Find the derivatives of each of the functions in Exercises 17–50. In some cases it may be convenient to do some preliminary algebra

$f\left(x\right)=\ln \left(arcsec\left({\sin }^{2}x\right)\right)$

Short answer

The derivative is$\frac{2\sin x\cos x}{arcsec\left({\sin }^{2}x\right)}\left(\frac{1}{{\sin }^{2}x\sqrt{{\sin }^{4}x-1}}\right)$.

Step-by-step solution

Step 1. Given Information.

The given function is,

$f\left(x\right)=\ln \left(arcsec\left({\sin }^{2}x\right)\right)$.

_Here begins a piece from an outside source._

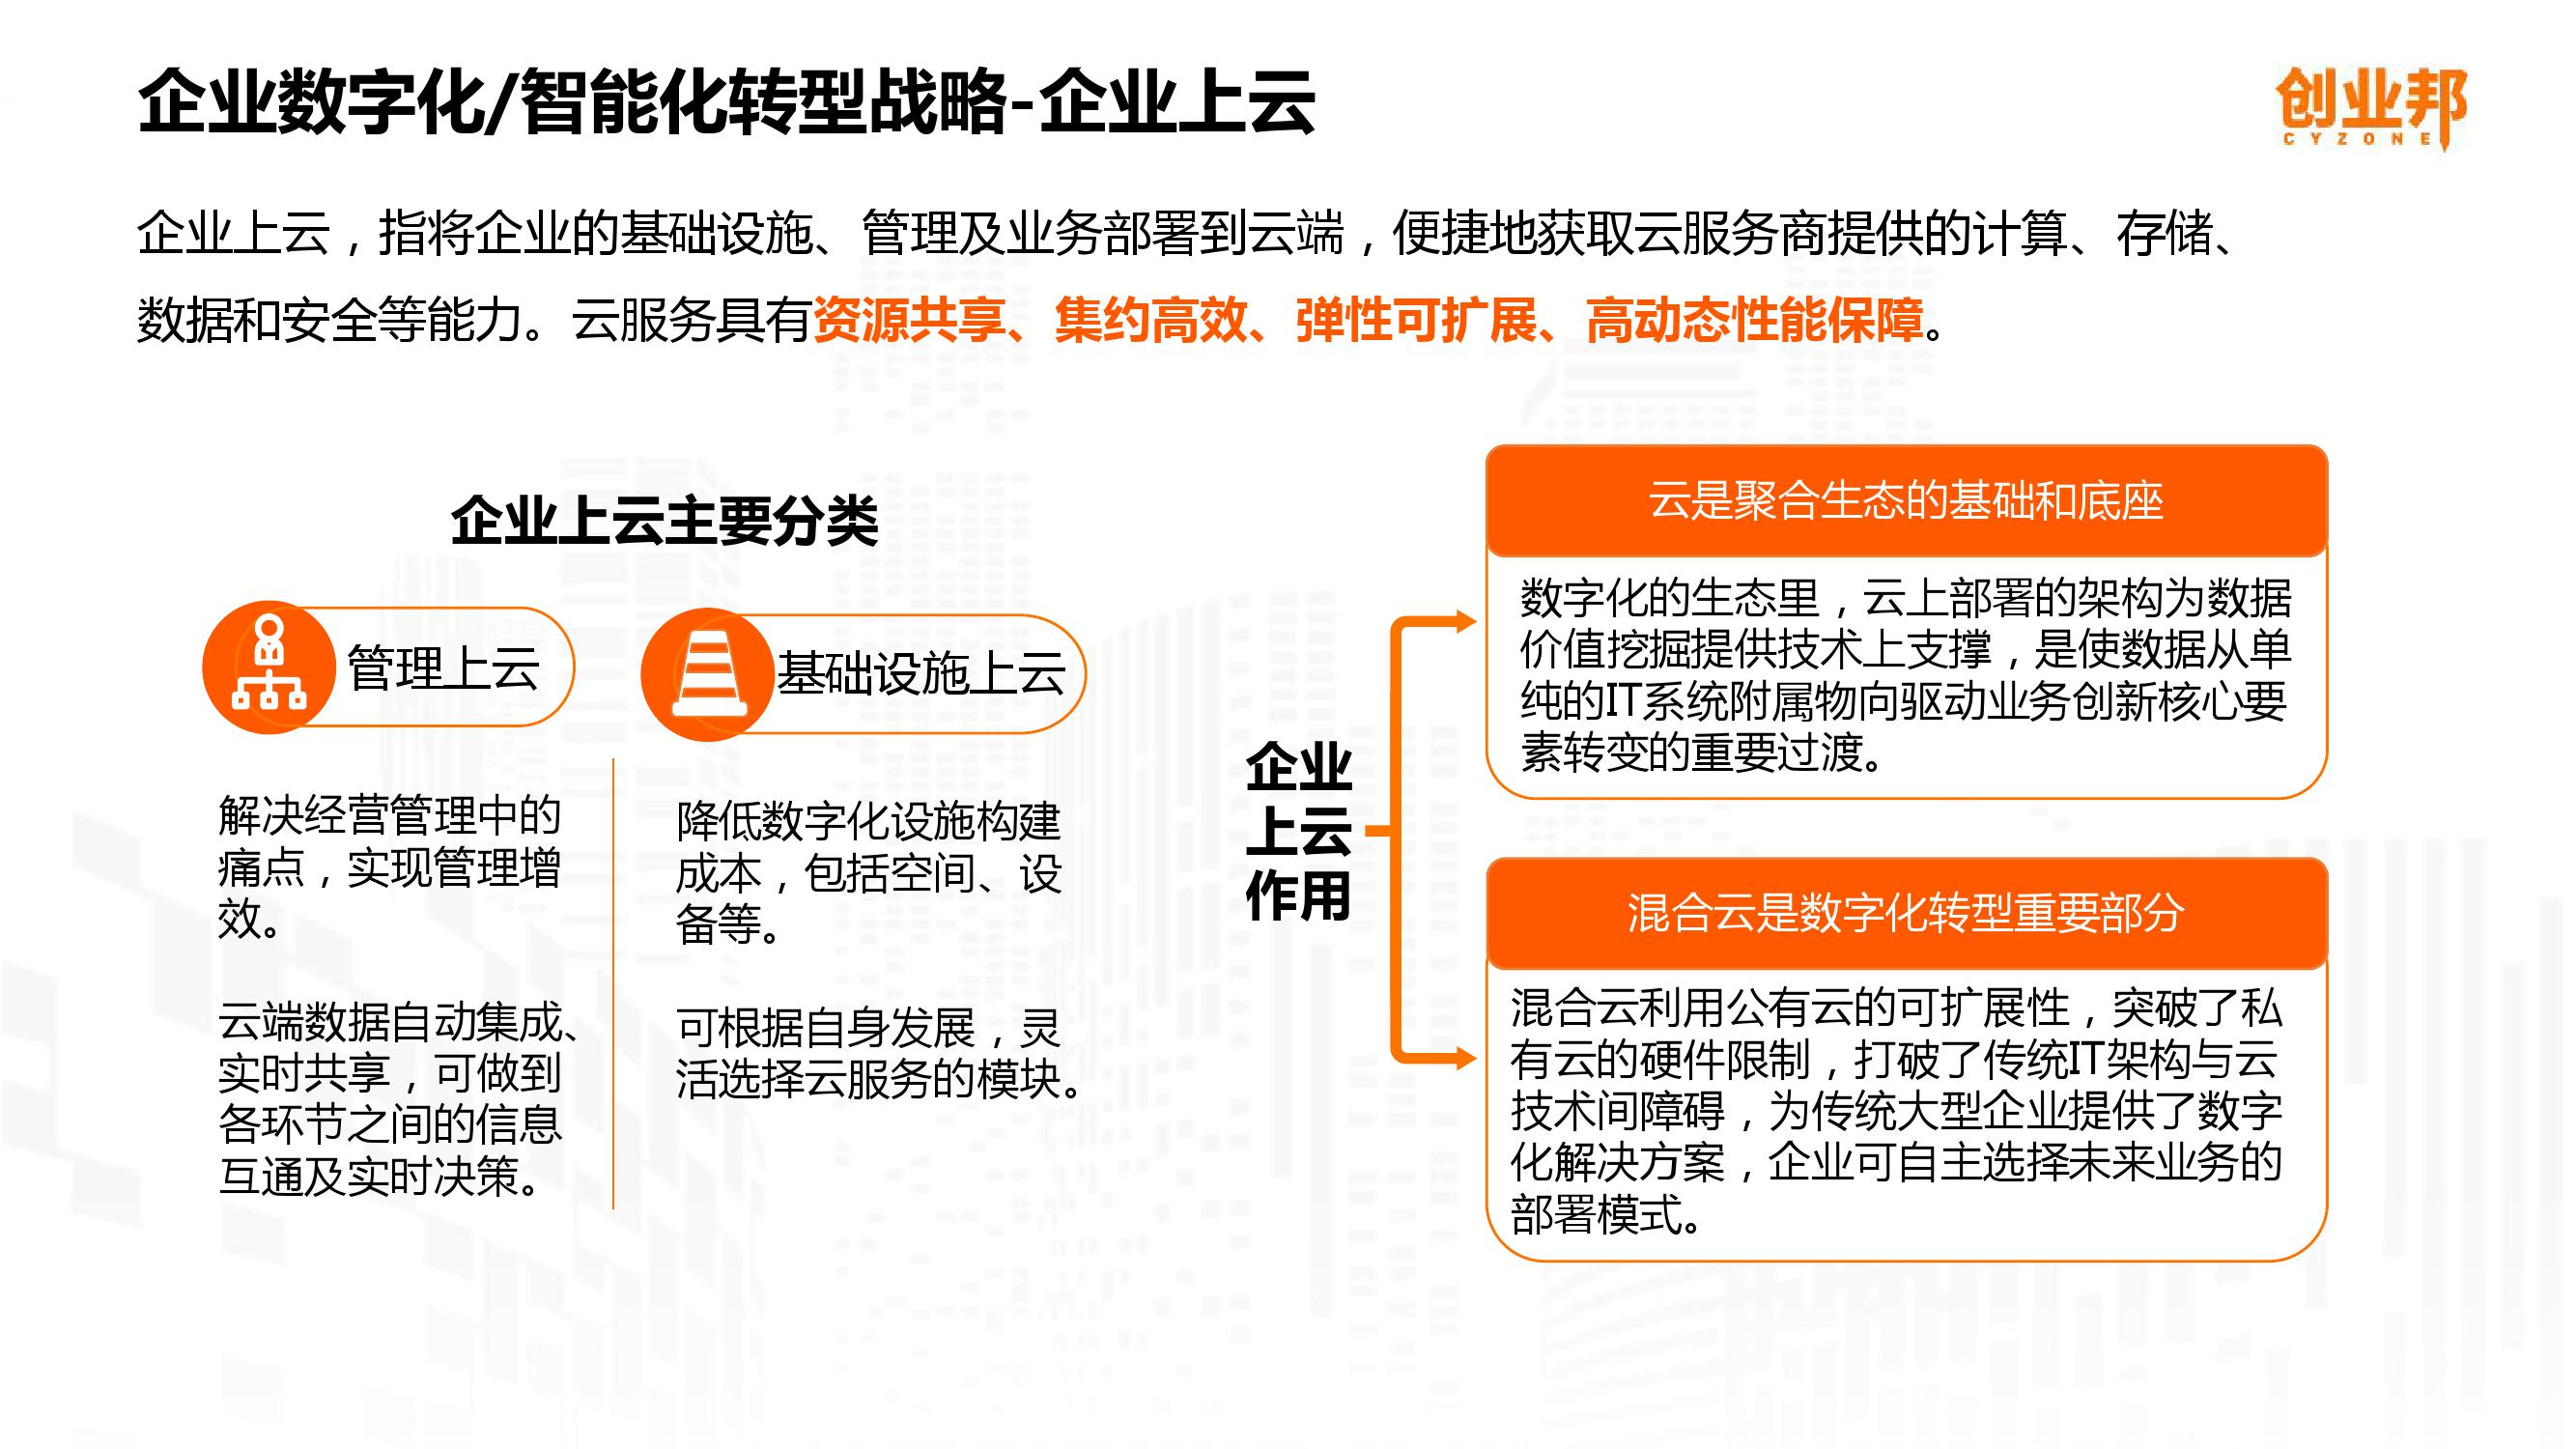 2019中国企业数字化智能化研究报告_000009-3

Step 2. Preliminary Algebra.

$$\begin{gathered} ChainRule: \\ (f\circ u{)}^{\text{'}}(x)=f^{\text{'}}(u\left(x\right)\left)u^{\text{'}}\right(x) \\ \frac{d}{dx}\left({\sec }^{-1}x\right)=\frac{1}{\left|x\right|\sqrt{x^2-1}} \\ \frac{d}{dx}(\sin x)=\cos x \end{gathered}$$We know,

Step 3. Derivative of the function.

The derivative of the function is,

$$\begin{gathered} \frac{d}{dx}\ln \left(arcsec\left({\sin }^{2}x\right)\right)=\frac{1}{arcsec\left({\sin }^{2}x\right)}\frac{d}{dx}\left(arcsec\left({\sin }^{2}x\right)\right) \\ =\frac{1}{arcsec\left({\sin }^{2}x\right)}\left(\frac{1}{\left|{\sin }^{2}x\right|\sqrt{{\left({\sin }^{2}x\right)}^2-1}}\right)\frac{d}{dx}\left({\sin }^{2}x\right) \\ =\frac{1}{arcsec\left({\sin }^{2}x\right)}\left(\frac{1}{\left|{\sin }^{2}x\right|\sqrt{{\sin }^{4}x-1}}\right)\left(2\sin x\right)\frac{d}{dx}\left(\sin x\right) \\ =\frac{1}{arcsec\left({\sin }^{2}x\right)}\left(\frac{1}{{\sin }^{2}x\sqrt{{\sin }^{4}x-1}}\right)\left(2\sin x\cos x\right) \end{gathered}$$

$=\frac{2\sin x\cos x}{arcsec\left({\sin }^{2}x\right)}\left(\frac{1}{{\sin }^{2}x\sqrt{{\sin }^{4}x-1}}\right)$